3. Aspek kehidupan bermasyarakat
Bisa jadi kita sudah banyak beribadah kepada Allah, namun bila tidak disertai perbuatan baik kepada sesama manusia dalam kehidupan bermasyarakat, maka ibadah kepada Allah bisa rusak bahkan bisa jadi bangkrut di akhirat nanti, hal ini ditanyakan oleh Rasulullah shallallahu ‘alaihi wasallam kepada para sahabatnya: "Tahukah kalian siapakah orang yang bangkrut itu?" Para sahabat menjawab: orang bangkrut diantara kami adalah orang yang tidak memiliki dirham dan tidak memiliki harta benda.
Rasulullah bersabda: Sesungguhnya orang yang bangkrut dari umat hari kiamat dengan membawa pahala shalat, puasa dan zakat. Namun ia juga datang dengan dosa kedzaliman, ia mencerca sana-sini, menuduh tanpa bukti terhadap seseorang, meminta harta si anu, menumpahkan darah orang lain, dan melawan orang itu, maka sebagai tebusan atas kedzalimannya itu dibayar dari pahala amalnya, bila masih ada yang belum selesai, maka dosa yang dizaliminya akan diambil dan ditumpahkan kepada orang ahli ibadah waktu di dunianya, kemudian orang tersebut di lemparkan ke neraka” (HR. Muslim).
Inilah muhasabah kita tentang kewajiban ibadah kepada Allah, tentang pemanfaatan kenikmatan yang diberikan oleh Allah dan tentang kehidupan bermasyarakat selama tahun 2021, tentunya kita sudah bisa mengukur dan introspeksi diri kita masing tentang ke ikhlasan beribadah, kesyukuran atas nikmat Allah dan menjaga kehidupan bermasyarakat dengan baik.
Bila ternyata ada kekhilafan ataupun dosa kepada Allah subhanahu wata'ala marilah kita bertaubat dan mohon ampun kepada Allah, bila ada orang yang pernah kita dzalimi, maka segeralah minta maaf kepadanya agar kita tidak bangkrut kelak di hari akhirat. Jamaah shalat Jumat rahimakumullah! Setelah kita muhasabah atas amal kita selama tahun 2021, kita sudah mengetahui kekurangan dan kelebihan kita, kekuatan dan kelemahan kita, dengan niat dan tekad yang kuat, kita akan siap memasuki tahun 2022 dengan langkah tegap, kita ingin tahun 2022 lebih baik karena siapa yang tahun 2022 lebih baik dari tahun 2021 maka kita beruntung, bila tahun 2022 sama keadaannya dengan tahun 2021 maka kita akan rugi, apalagi kalau tahun 2022 lebih buruk keadaannya maka kita akan sangat buruk.

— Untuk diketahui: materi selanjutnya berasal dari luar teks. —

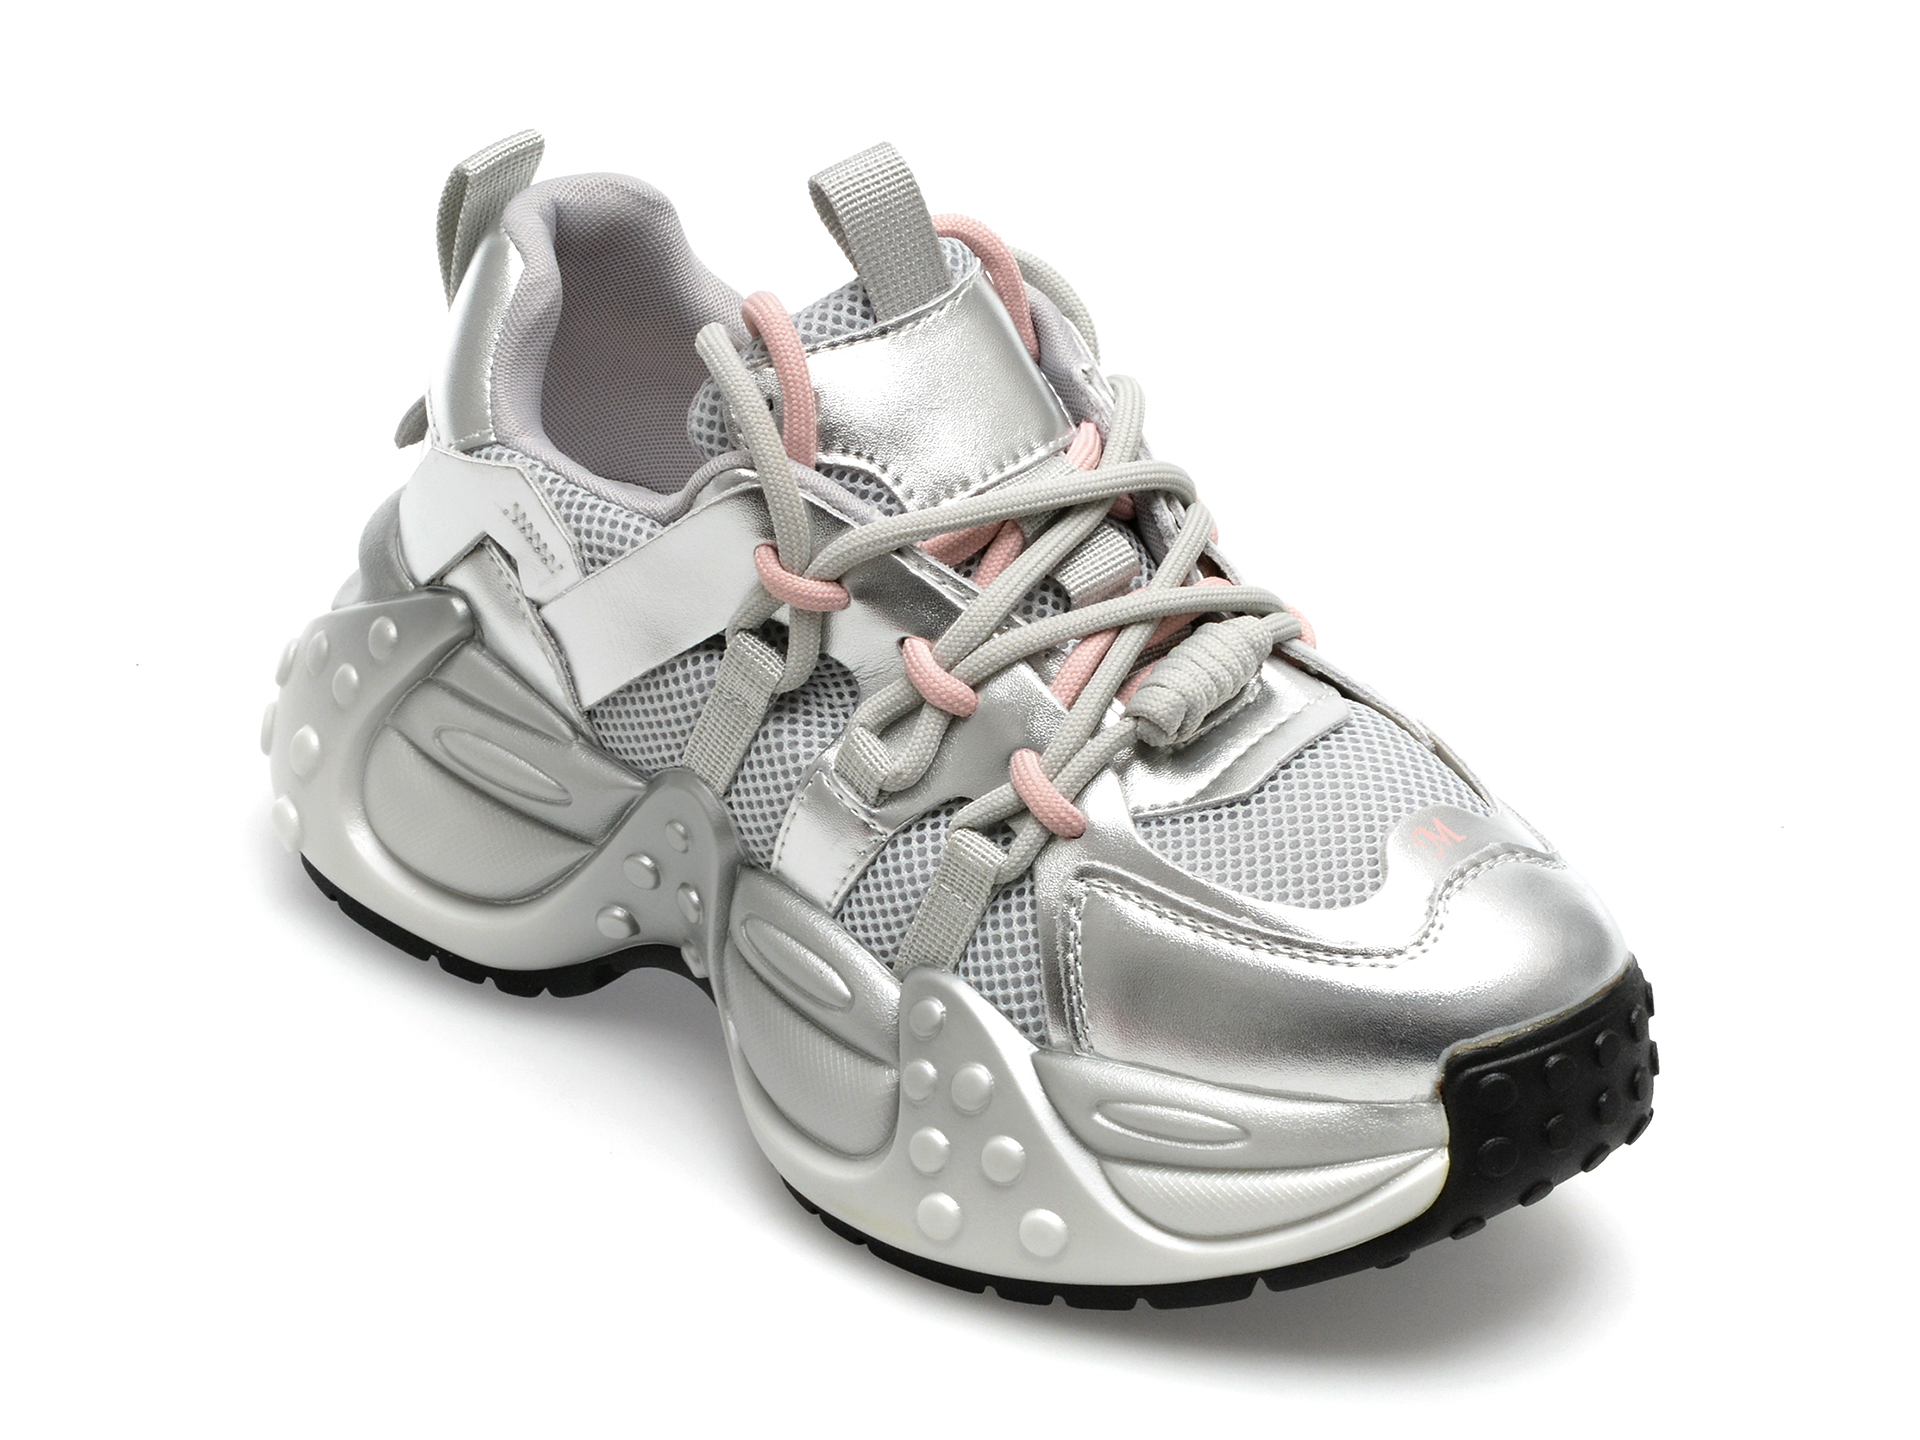 Pantofi sport EPICA argintii, 8531, din material textil si piele naturala

Untuk itu, memasuki tahun 2022 marilah kita memperhatikan nasihat Nabi Muhammad shallallahu ‘alaihi wasallam sebagaimana diuraikan oleh Ibnu Abbas radhiallahu anhu bahwa Rasulullah shallallahu ‘alaihi wasallam bersabda :
Artinya: "Manfaatkan lima perkara sebelum datang lima perkara :masa mudamu sebelum datang masa tuamu, masa sehatmu sebelum datang sakitmu, masa kayamu sebelum masa fakir (miskin)mu, masa senggangmu sebelum masa sibukmu, dan masa hidupmu sebelum datang masa matimu."
Dengan memanfaatkan masa muda, masa sehat, masa kaya, masa senggang dan masa hidup kita untuk beribadah kepada Allah, bersyukur atas nikmat Allah dan berbuat yang terbaik dalam kehidupan bermasya- rakat, berbangsa dan bernegara, maka Allah subhanahu wata'ala, akan menurunkan keberkahan kepada kita di tahun 2022. Aamiin Yaa Rabbal Alamiin. (FAJR/Humas dan Media Masjid Istiqlal)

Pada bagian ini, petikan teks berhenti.